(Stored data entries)
====================

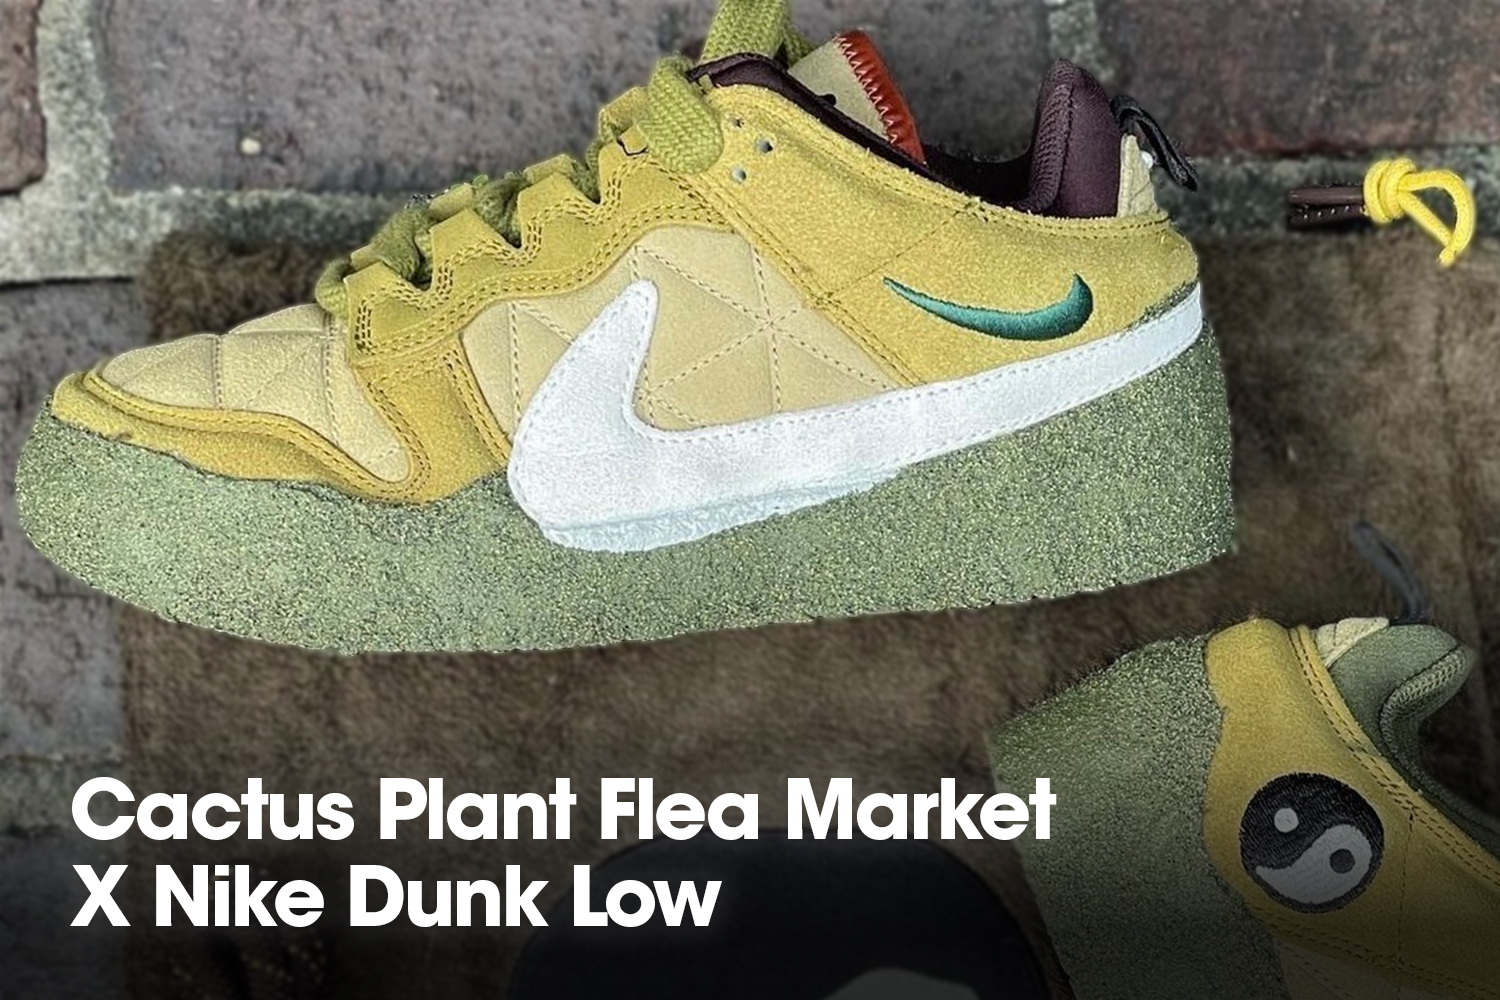 Cactus Plant Flea Market x Nike Dunk Low release 2022
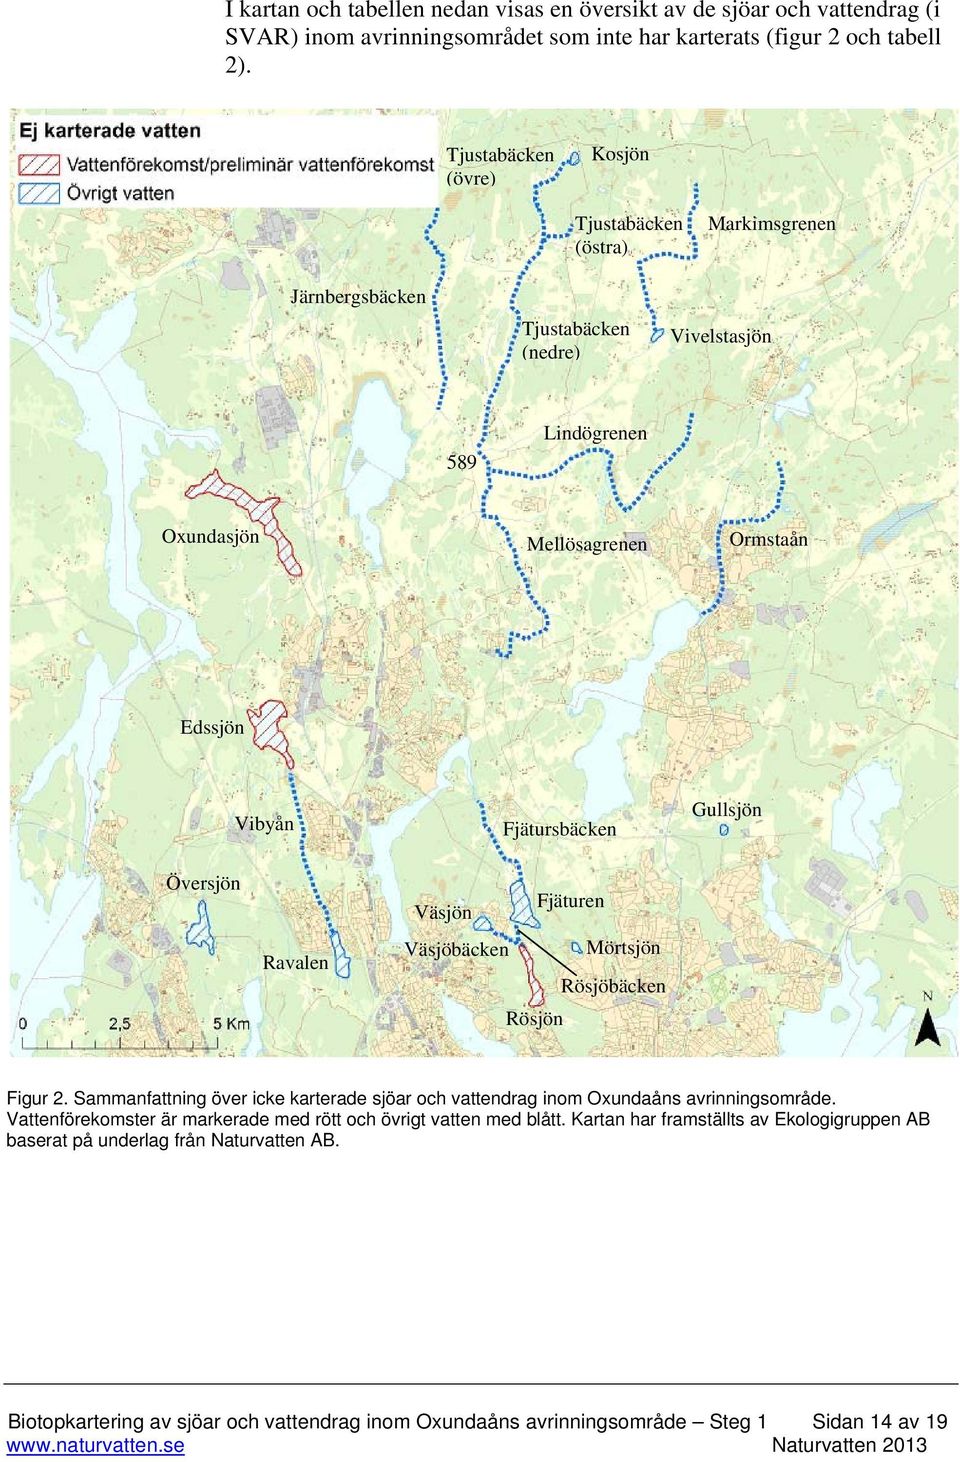 Gullsjön Översjön Ravalen Fjäturen Väsjön Väsjöbäcken Mörtsjön Rösjöbäcken Rösjön Figur 2. Sammanfattning över icke karterade sjöar och vattendrag inom Oxundaåns avrinningsområde.
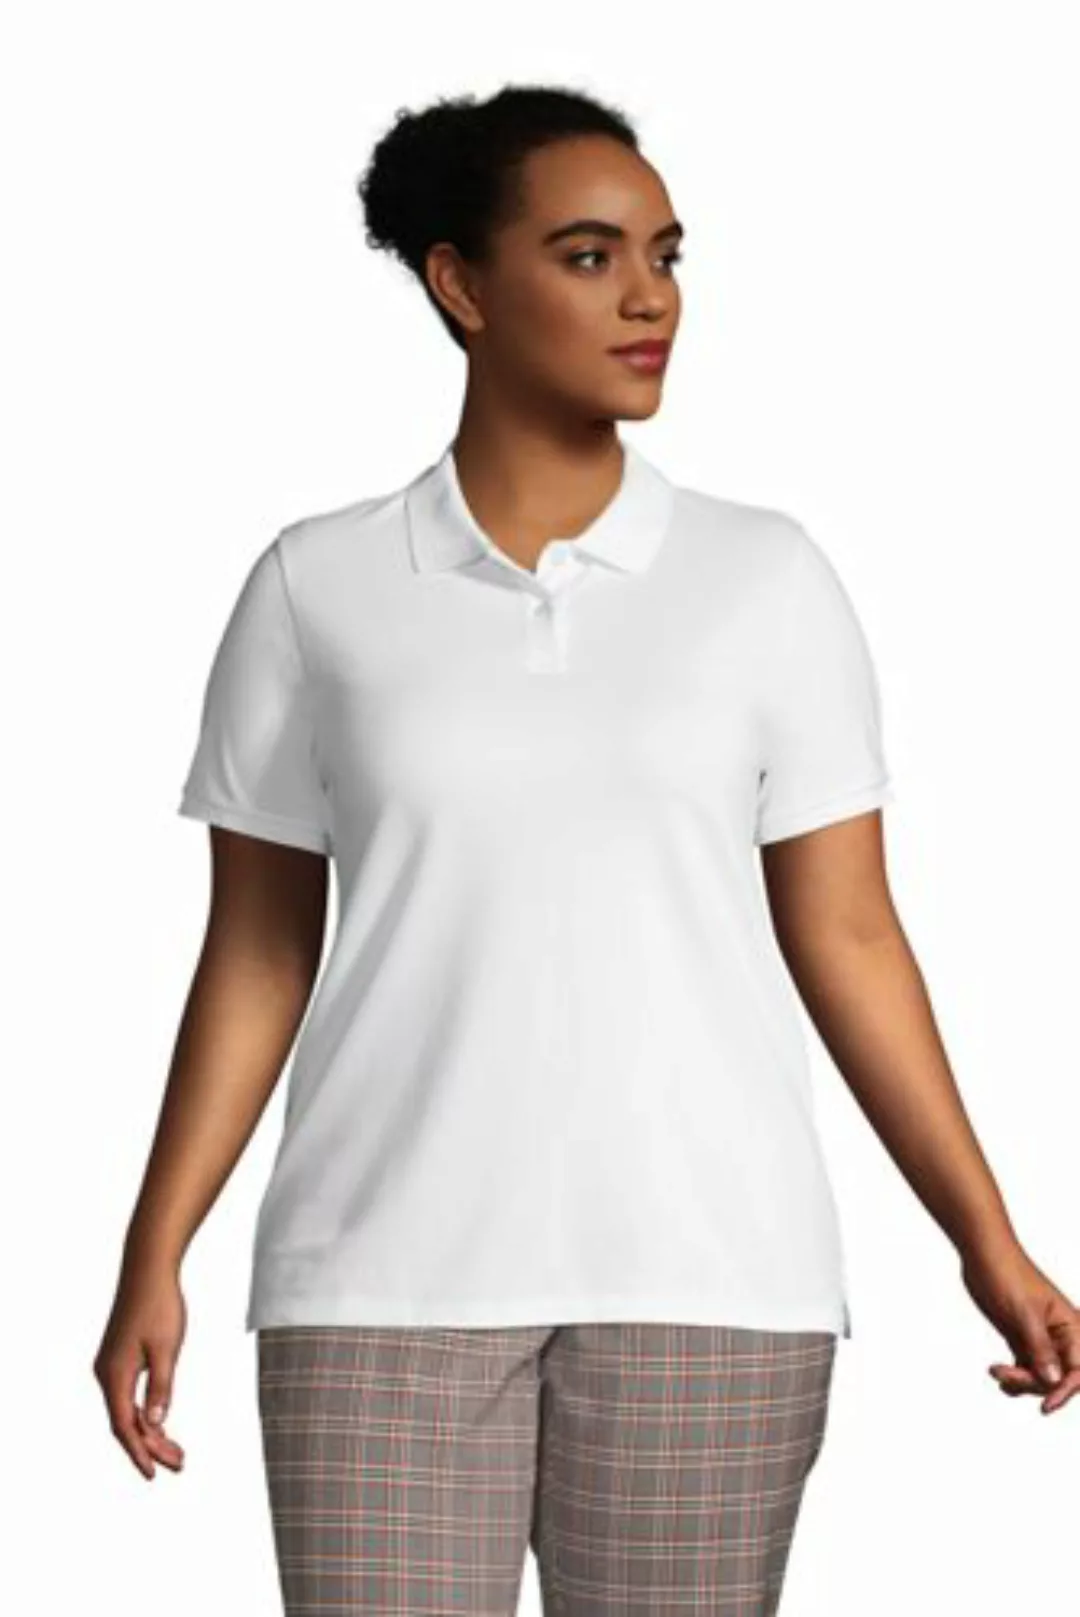 Piqué-Poloshirt in großen Größen, Damen, Größe: 56-58 Plusgrößen, Weiß, Bau günstig online kaufen
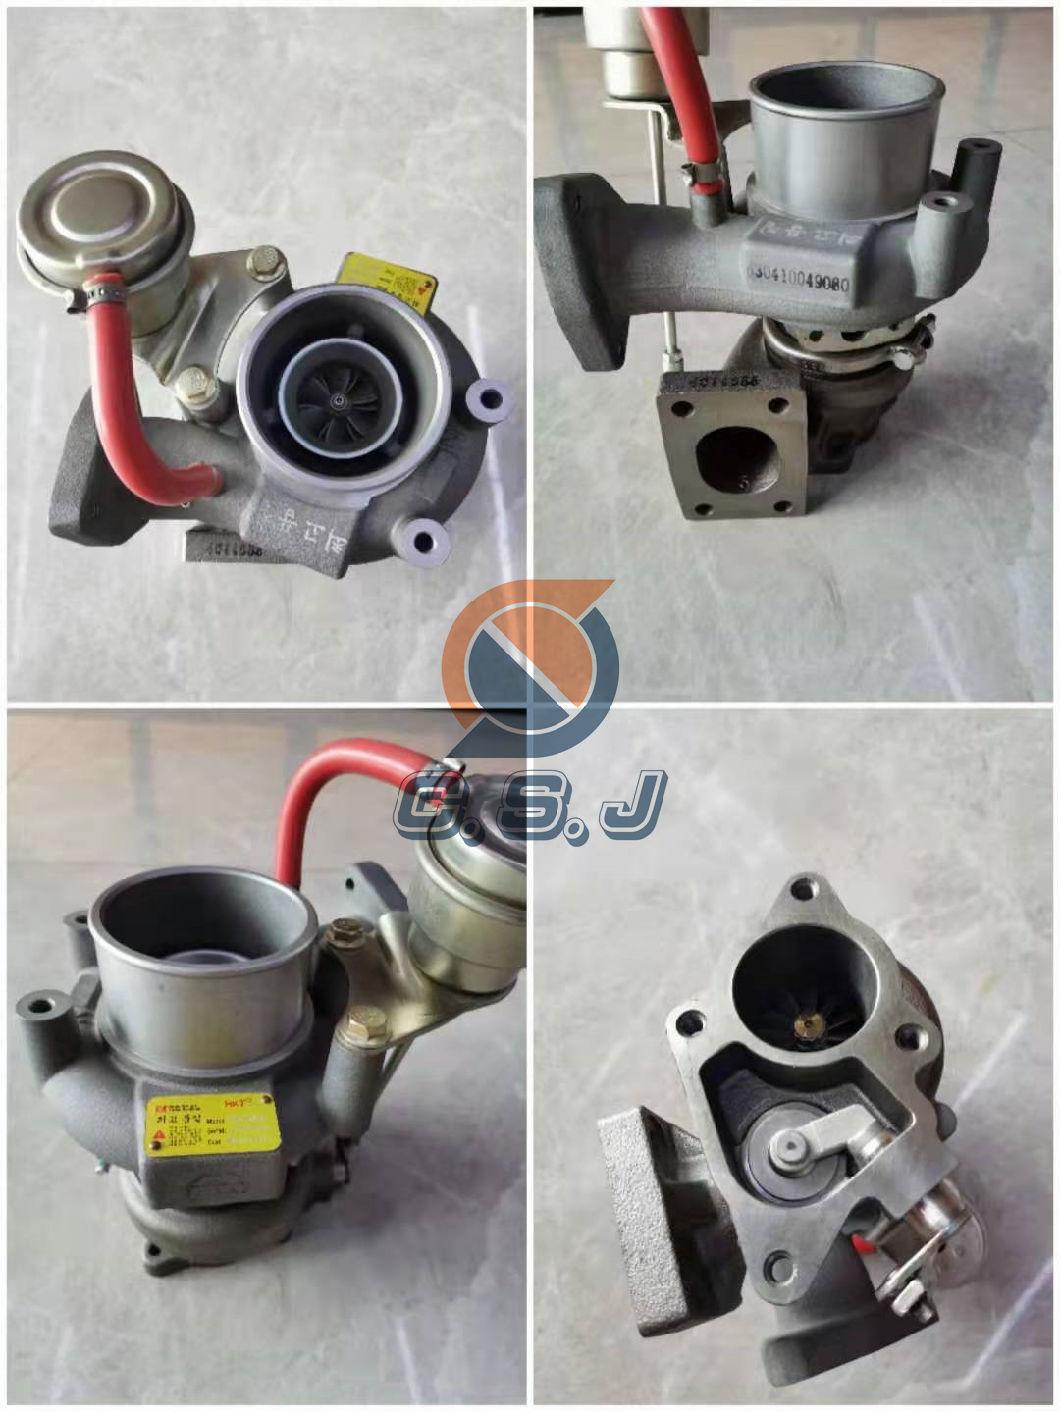 Engine Model S4K Turbocharger for Excavator E312 Part Number 49179-02260
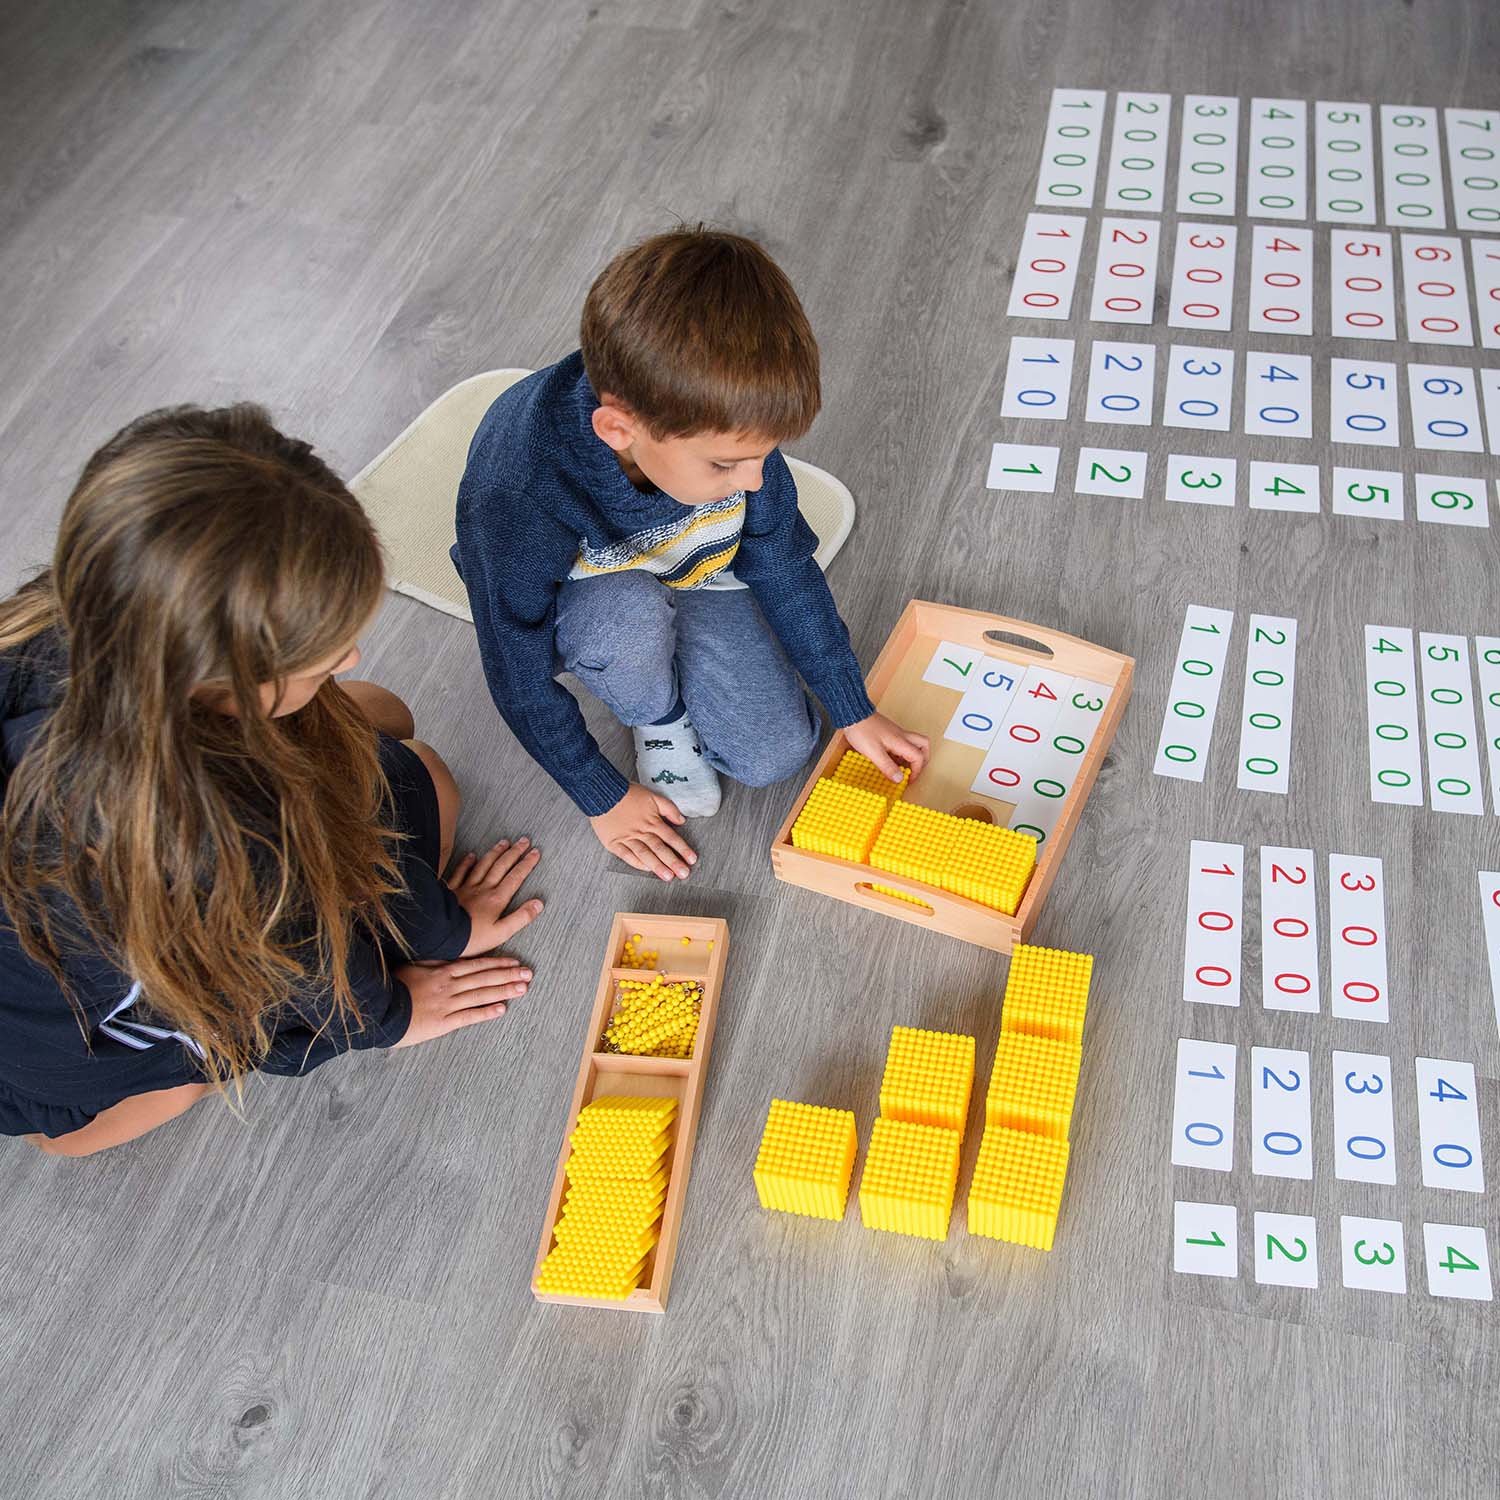 Jeux éducatif montessori : Matériel Montessori 1, 2, 3 et 4 ans

====================

### [What you need to do]
Begin at the line containing "Gullsjön Översjön Ravalen" and stop at the final line of the data. Retype those lines exactly, without the pictures.

### [Written response]
 Gullsjön Översjön Ravalen Fjäturen Väsjön Väsjöbäcken Mörtsjön Rösjöbäcken Rösjön Figur 2. Sammanfattning över icke karterade sjöar och vattendrag inom Oxundaåns avrinningsområde.
 Piqué-Poloshirt in großen Größen, Damen, Größe: 56-58 Plusgrößen, Weiß, Bau günstig online kaufen
 Engine Model S4K Turbocharger for Excavator E312 Part Number 49179-02260
 Jeux éducatif montessori : Matériel Montessori 1, 2, 3 et 4 ans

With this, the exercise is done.